Loves puzzles but lack the funds to get them..

So only speedsolver for me. D=


----------



## LNZ (Sep 13, 2012)

I am on occasion a speed solver and do timed solves when I think it is needed, but I have turned to collecting puzzles now.


----------



## TMOY (Sep 13, 2012)

RCTACameron said:


> I voted speedsolver and collector, because I speedsolve and have a lot of cubes, though I guess I don't collect any more.
> 
> The results of this poll show that everyone who voted is a speedsolver, and possibly other things. Makes sense for speedsolving.com.



I voted speedsolver and collector too. And I assume that the pure collectors/modders (i.e. those who don't speedsolve at all) are to be found on twistypuzzles.com rather than here.


----------



## ~Adam~ (Sep 13, 2012)

Speedish solver and collector.
I'm not very fast (3x3 18s avg) and have about 100 different types of puzzle and a few unique puzzles
(BumpRL, AxelRL and Red + Green handmade Golden cube).


----------



## 5BLD (Sep 13, 2012)

I voted speedsolver and modder only to realise after that it was not modding to improve puzzles, but shape mods.
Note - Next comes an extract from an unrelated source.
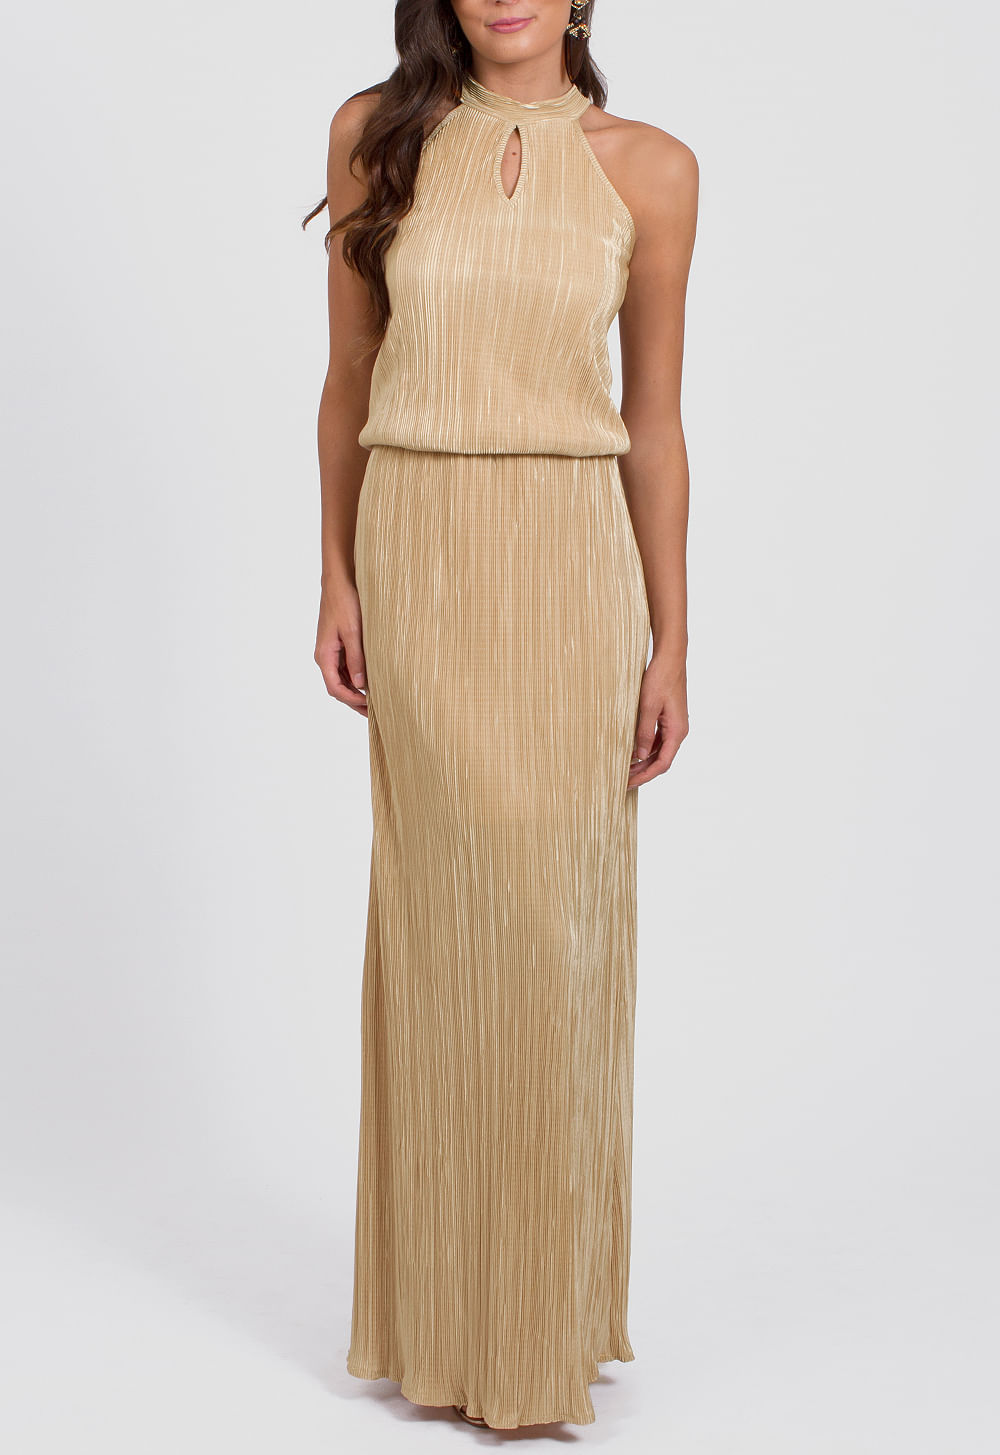 eb1dd1de8 vestido-tarsila-longo-todo-plissado-powerlook-dourado ...

By your definition I am only a speedsolver (and collector- of 3x3s!).


----------



## Ickathu (Sep 13, 2012)

5BLD said:


> I voted speedsolver and modder only to realise after that it was not modding to improve puzzles, but shape mods. By your definition I am only a speedsolver (and collector- of 3x3s!).





Ickathu said:


> Does modder apply to modding speedcubes to make them better?





ottozing said:


> Yes^^^^^^



message to short


----------



## ottozing (Sep 13, 2012)

I don't see why modding can't apply to performance mods aswell.


----------



## Michael Womack (Sep 13, 2012)

ottozing said:


> I don't see why modding can't apply to performance mods aswell.
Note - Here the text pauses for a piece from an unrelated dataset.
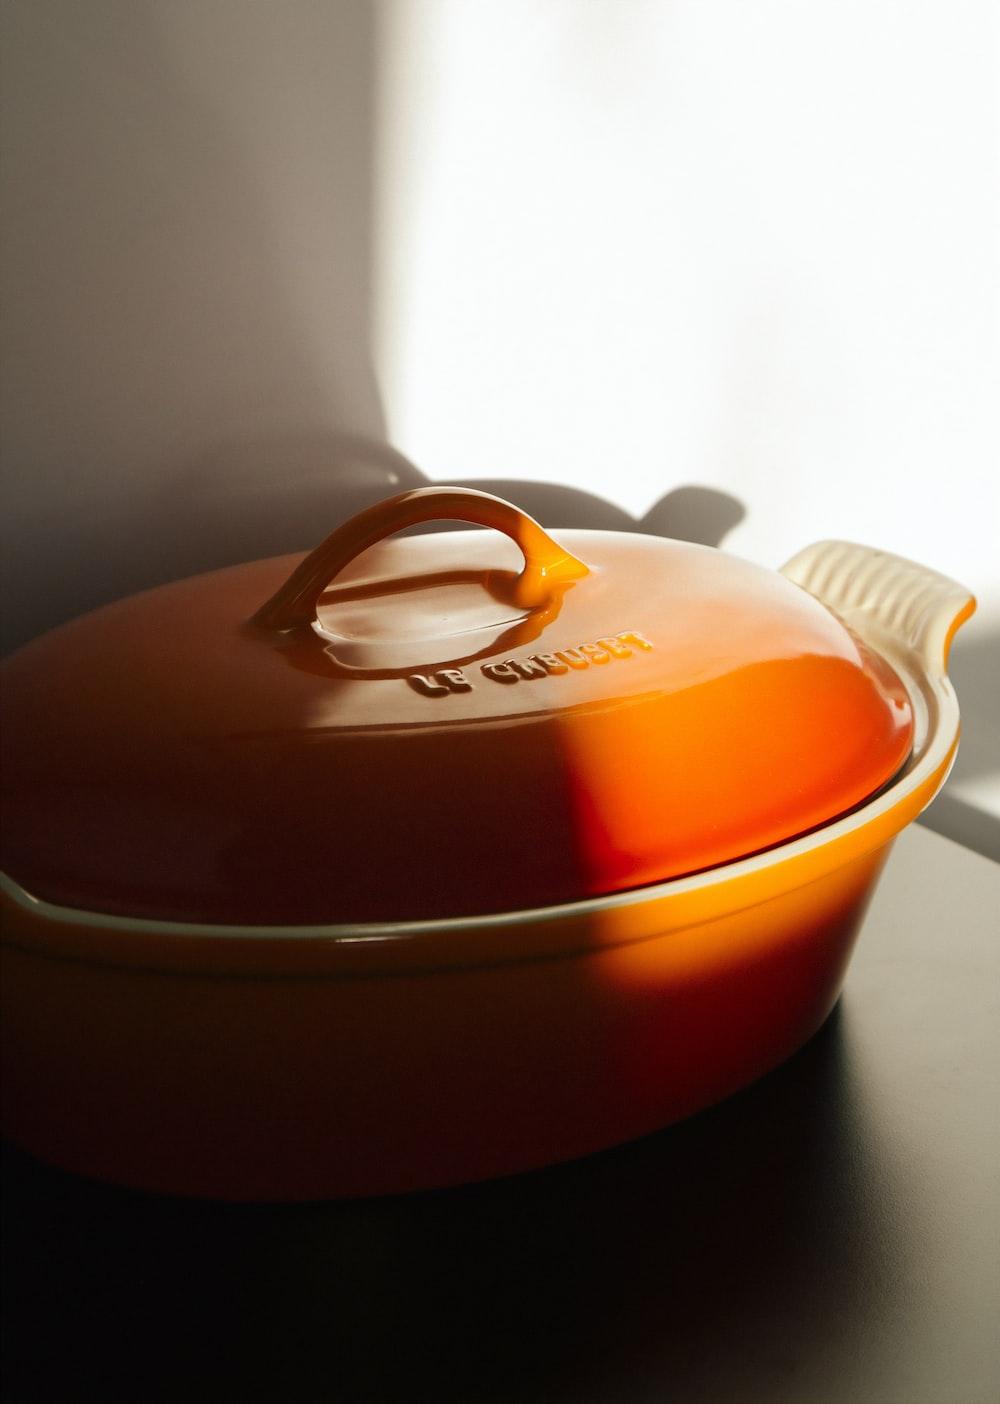 orange casserole dish

A modder is someone like Tony Fisher.


----------



## Thompson (Sep 13, 2012)

im a cuber!


----------



## SpeedSolve (Sep 13, 2012)

Speedsolver and collector. I have 2x2-7x7, Sq-1, Magic, Megaminx, Pyra, Windmill, Gear, and Skewb. I can solve almost all of them regularly (Sq-1 I only solved for the first time last week, and 4x4-7x7 I get stuck on parity )


----------



## ThomasJE (Sep 14, 2012)

I'm a speedsolver, but I've also do a little modding and a little collecting. What does that make me?


----------



## JHB (Sep 15, 2012)

Great collector and improving speed solver.


----------



## Ernie Pulchny (Sep 15, 2012)

Speedsolver and collector. I have 110 cubes and puzzles in my collection as of this post.


----------



## cubegenius (Sep 15, 2012)

I go through stages. lol


----------



## ~Adam~ (Sep 20, 2012)

Michael Womack said:


> A modder is someone like Tony Fisher.



A creative person is someone like Leonardo Da Vinci.
A successful person is someone like Richard Branson.
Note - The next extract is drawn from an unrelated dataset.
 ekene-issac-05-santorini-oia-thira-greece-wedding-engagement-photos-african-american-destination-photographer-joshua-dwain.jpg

I can use ridiculous extremes as well.

A modder is someone who modifies cubes (that includes shape and performance mods), not just someone who drastically alters the majority of puzzles that are released.


----------



## cubeflip (Sep 20, 2012)

I'm a Speedsolver who does every official event except for Clock. I used to be a collector.
(haven't done big BLD in comp yet).


----------



## Kattenvriendin (Sep 23, 2012)

Speedsolver on 3x3, regular solver on the others that I collect, but only those I like, not all that I can find *giggles* 

And modder if need be, once I needed to make my own 4 pieces for my 6x6 as they were missing from the getgo. I also had to fix a core or two. But not real modding as in extensively altering or even creating a cube.


----------



## zebra (Sep 23, 2012)

I'm surprised not as many people mod


----------



## kbh (Sep 23, 2012)

Speedsolver & collector because I like having many puzzles but also having good times


----------



## WBCube (Oct 1, 2012)

Speedsolver. The only modding I've done is to stop lockups on SS4x4v3. I used to have a lot of puzzles, but I must have sold them or something, shame


----------